I was sad because Robert and I had broken up; because my dear friend Marya had just been diagnosed with brain cancer; because the script my film agents had been sure would sell had not; because feeling like my life had fallen apart at thirty-five was that much worse than feeling like my life had fallen apart at thirty-four. There was one circumstance that was better now. For the first time ever, really, I had money.

This meant I actually had health insurance that wasn't given to me by the state (thank you, Oregon and Massachusetts!). I went to see a gynecologist and got another ultrasound. The good news was my PCOS was gone. The other news, which he announced just as matter-of-factly, was that I had five years of fertility left.

“I
think I probably have seven years left,” I said to the doctor.

“You have five,” he said. “Meet a nice guy and have a baby.”

He was lucky I didn't start crying right there. I waited until later in the day when I was home alone and my tea and wine were not far away.

The therapist I'd found in the last weeks of my relationship with Robert to help me save the relationship, and who was now helping me handle the breakup, encouraged me to maintain appropriate boundaries with my dad: not letting him talk to me about his porn habits or make me feel guilty for not enabling him. And to get angry: at him, at Robert, at Leo, at anyone who had made promises to me he hadn't kept. I wouldn't say I succeeded at getting angry. But I found I was different in moments that sometimes surprised me. When Robert began e-mailing and texting me to check in, I e-mailed back and said I wasn't ready to be his friend. It was a small but crucial step. Slowly, I began to feel better.

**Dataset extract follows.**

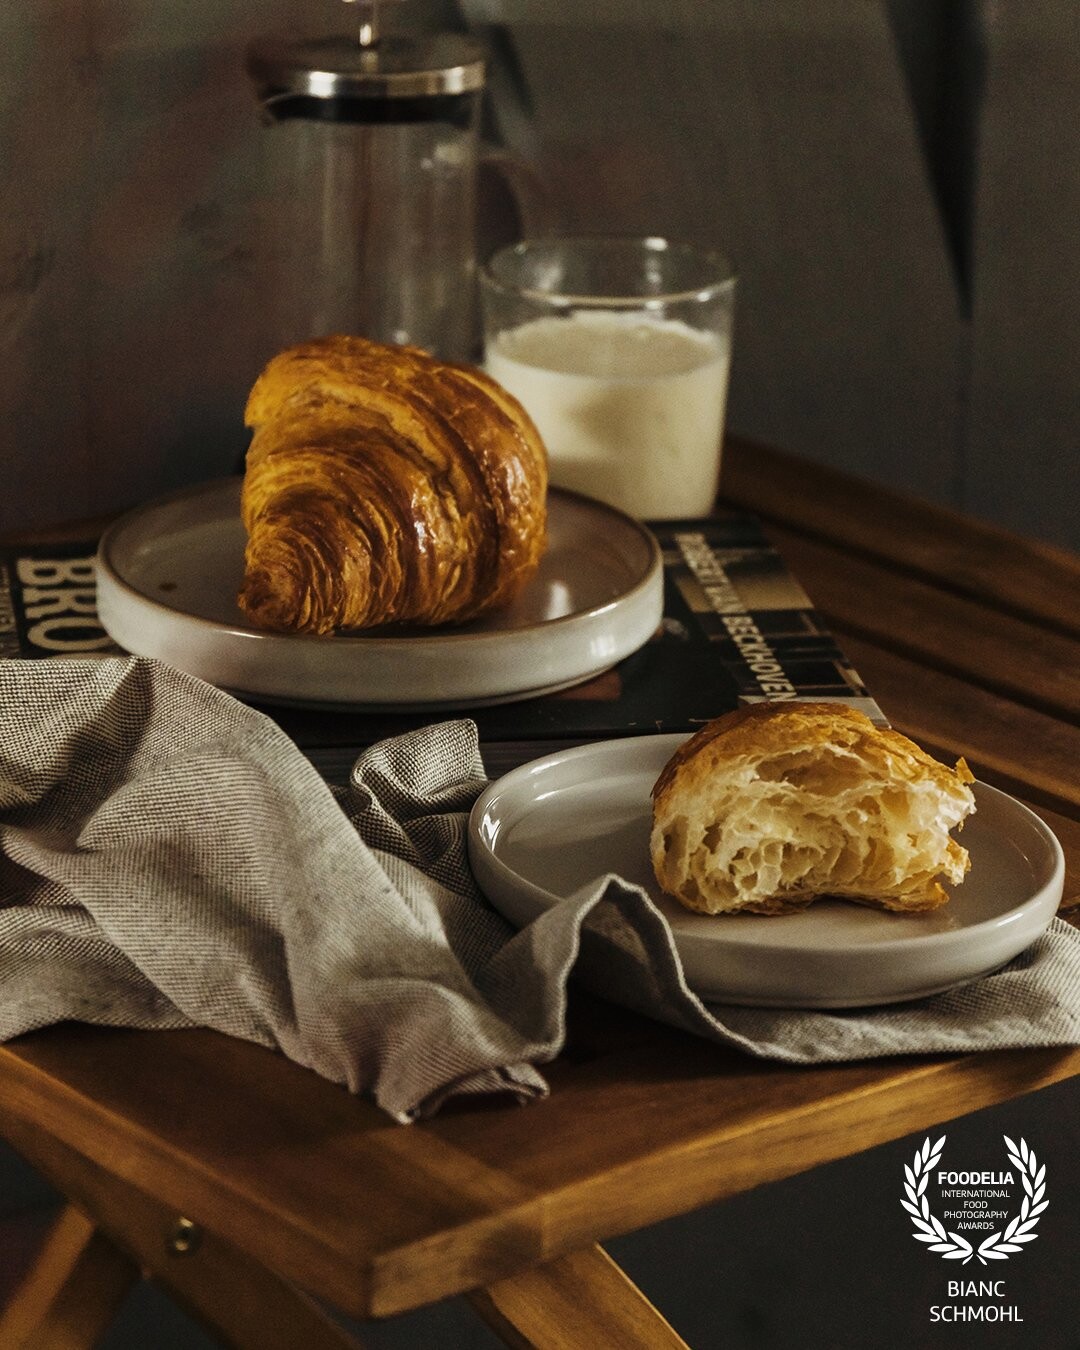 With this photo I raised the bar high for myself: adding as much atmosphere as possible, with only a limited amount of products&props! Even with a 'simple' croissant, one can have an enjoyable breakfast.

No matter how much I changed and grew, it seemed as if my father was capable of spinning out in the same few areas indefinitely. There were times when he disappeared for a week or two. When I eventually coaxed him onto the phone, he revealed it had struck him how much went into raising a kid—the cost of shoes, the constant need to teach and love—and how completely he had failed my sister and me. His bottomless regret had made him feel so lousy that he'd dodged my calls. We had already had this conversation many times, and as much as I wanted his patience during my healing, I was incredibly frustrated that his guilt about having been absent from my life in the past had caused him to be absent from my life again. Most of all, he seemed incapable of seeing the pattern. It was hard to stay mad at him, though. Sometimes he came out with the loveliest assessments of our relationship, like “Sarah, I'm sorry I couldn't be a better father to you, but I've had my own head so far up my own ass my entire life.” Other times, he'd been silent because he was worried about his health. He confessed that he'd been having trouble with his prostate and was obsessed with the fear that it was cancer. Eventually, he'd begin circling a topic that had become fraught between us.

“I
know we haven't talked about it in a while, but I was wondering if you'd given any more thought to me coming out there,” he said. “You used to want me to come.”

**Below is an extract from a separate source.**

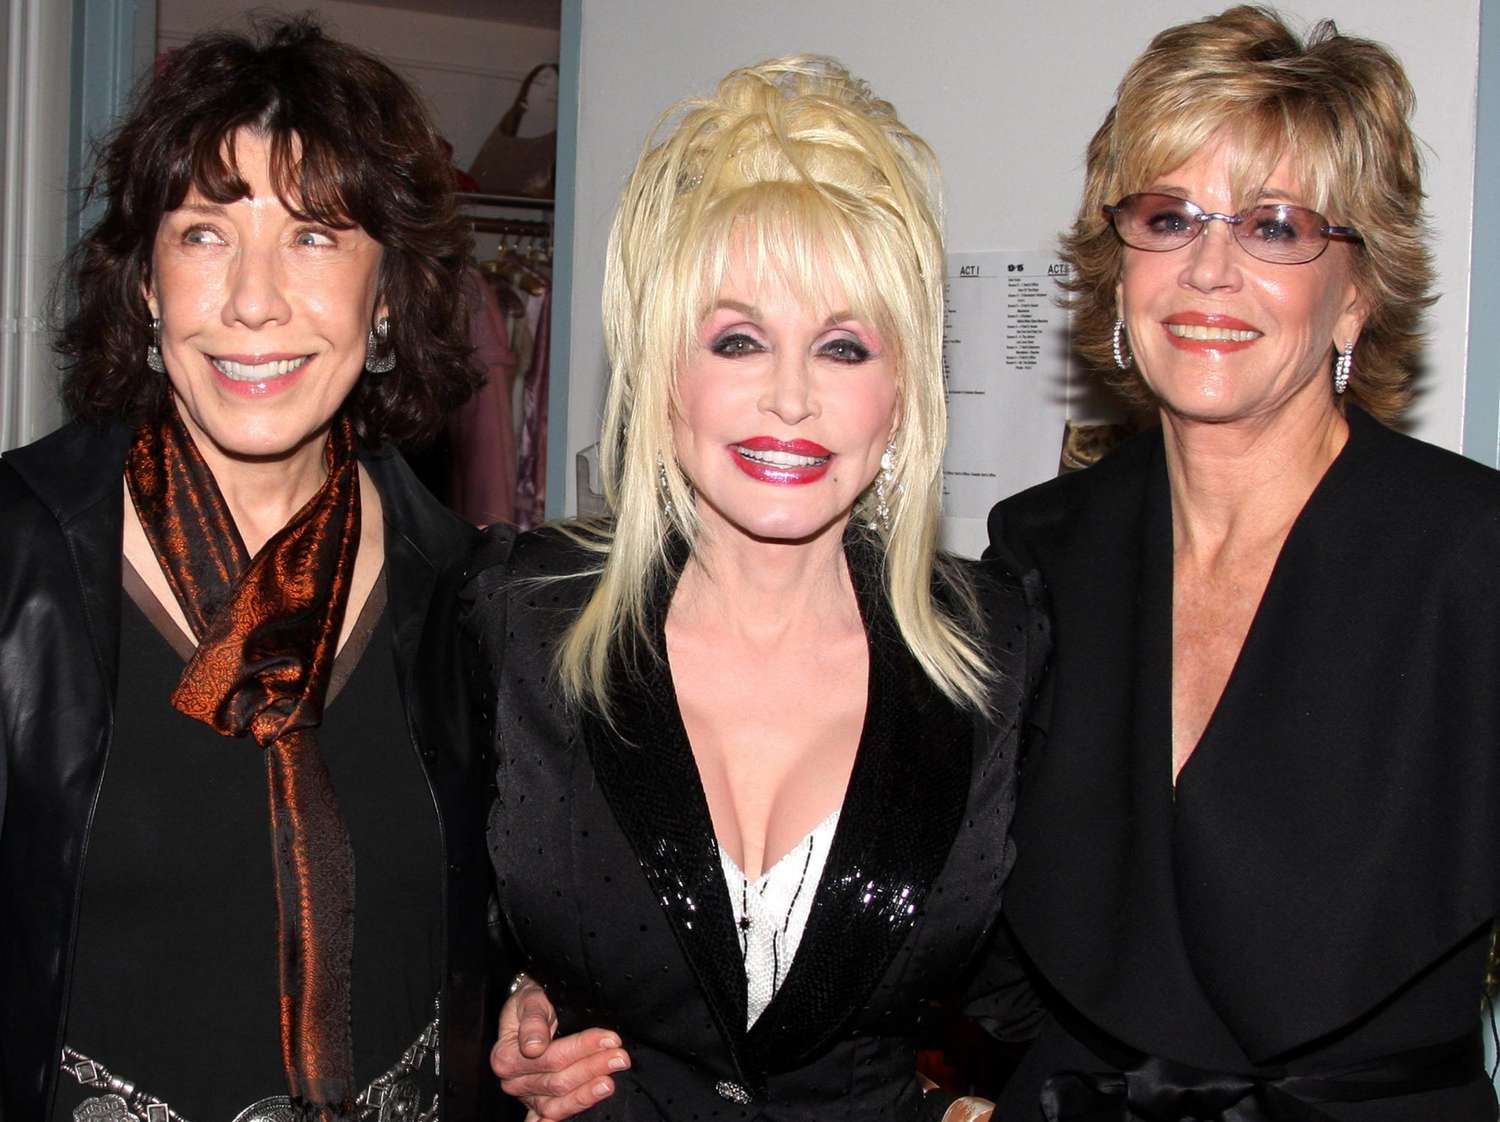 "9 to 5: The Musical" Opening Night In Los Angeles

It wasn't that I didn't want him to move, it was that I had no idea whether I'd stay in Los Angeles, or for how long, and I didn't want him or anyone else to be reliant on me. Always, I feared hurting his feelings or driving him away. But I knew, this time, I had to be honest.

“I don't think it's a good idea right now,” I said. “I need to focus on my own life. I might want to have a kid. I need to put my energy there. I need to take care of myself.”